SetFSB would also be an option. as i mentioned, use with care. don't force nothing. if it goes it goes, if it don't leave it alone. i haven't used it on a lappy but on older desktops. 
there were several times where i had to reset the cmos because the clock would jam the system, i am not sure how or how well that works on a lappy

your memory might also be a chock point of the system. not the amount but it's latency. cas5 over 667mhz is quiet high. you could get fairly cheap cas4 or cas3 for 667mhz, many 1066mhz kits for desktops have cas5.
would not do a whole lot but help a little, especially because of the small cache on the cpu. 

i don't forsee great "oc" advantures with this setup


----------



## Antiman1337 (Apr 2, 2009)

BoT said:


> ok, BIOS looks pretty slim
> 
> CPUID used to make a nice tool called Clockgen but i don't think they pursuit it anymore.
> 
> ...



Well at least you're being honest =/

What settings do you think I COULD overclock?

And are you suggesting I buy more memory?


----------



## BoT (Dec 16, 2008)

in the bios are not really any settings you can adjust for performance or overclocking.
if you use setfsb it will raise or lower the frontside bus but not effect the cpu multiplier at all. this is good for over all system performance but your memory will have to go along with it because it's multiplier can also not be adjusted. they call it a frontside bus strap or core frequency, it's the basic clock that everything multiplies from. 
so if your memory is rated for 667 and it is running at 667 then unless it's performance memory, that will be it's limit. if you had 800mhz memory running at 667 then you had some room to play with. 

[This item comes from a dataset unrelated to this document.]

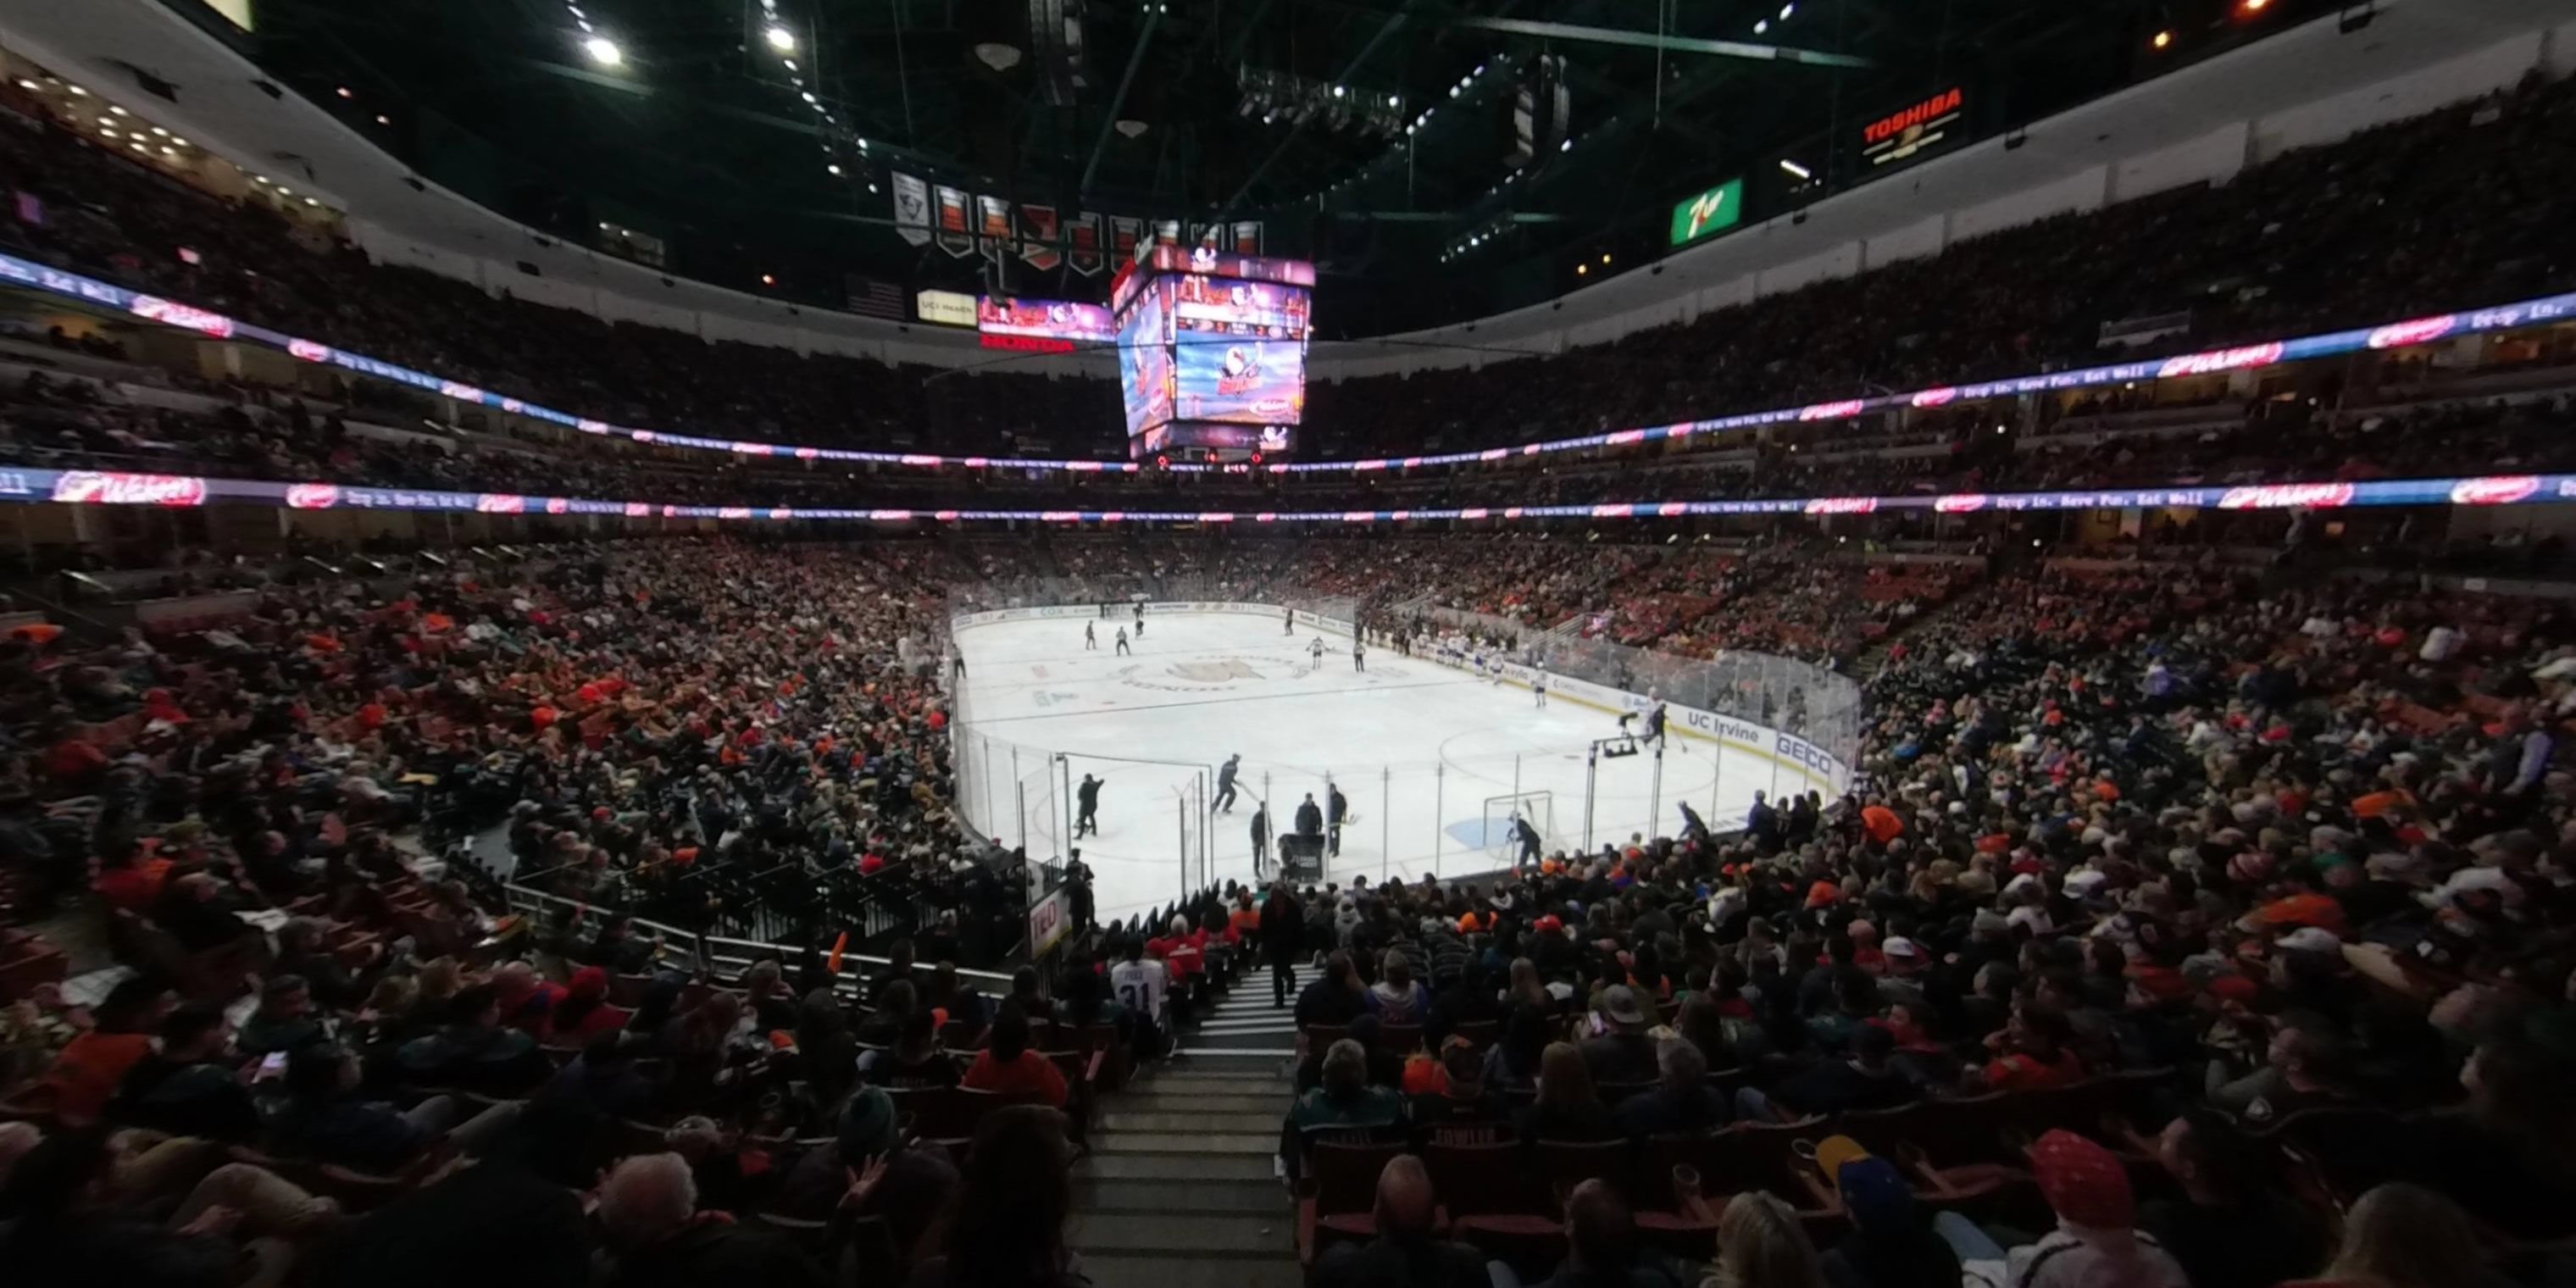 section 216 panoramic seat view  for hockey - honda center

the cas latency is not a hugh or major factor but it can bring little improvement. if you have a few bucks laying around that you don't know what to do with, this would be a good investment, otherwise, don't worry about it.


----------



## Antiman1337 (Apr 2, 2009)

BoT said:


> in the bios are not really any settings you can adjust for performance or overclocking.
> if you use setfsb it will raise or lower the frontside bus but not effect the cpu multiplier at all. this is good for over all system performance but your memory will have to go along with it because it's multiplier can also not be adjusted. they call it a frontside bus strap or core frequency, it's the basic clock that everything multiplies from.
> so if your memory is rated for 667 and it is running at 667 then unless it's performance memory, that will be it's limit. if you had 800mhz memory running at 667 then you had some room to play with.
> 
> the cas latency is not a hugh or major factor but it can bring little improvement. if you have a few bucks laying around that you don't know what to do with, this would be a good investment, otherwise, don't worry about it.


Well that's a shame; I'm actually thinking of buying a new router anyways :sigh:

Thank you nonetheless, much appreciated.


----------



## bad4life (Apr 5, 2009)

i did it twice an my pc start an shut down, have to wait like about 15 mins for it to become use full


----------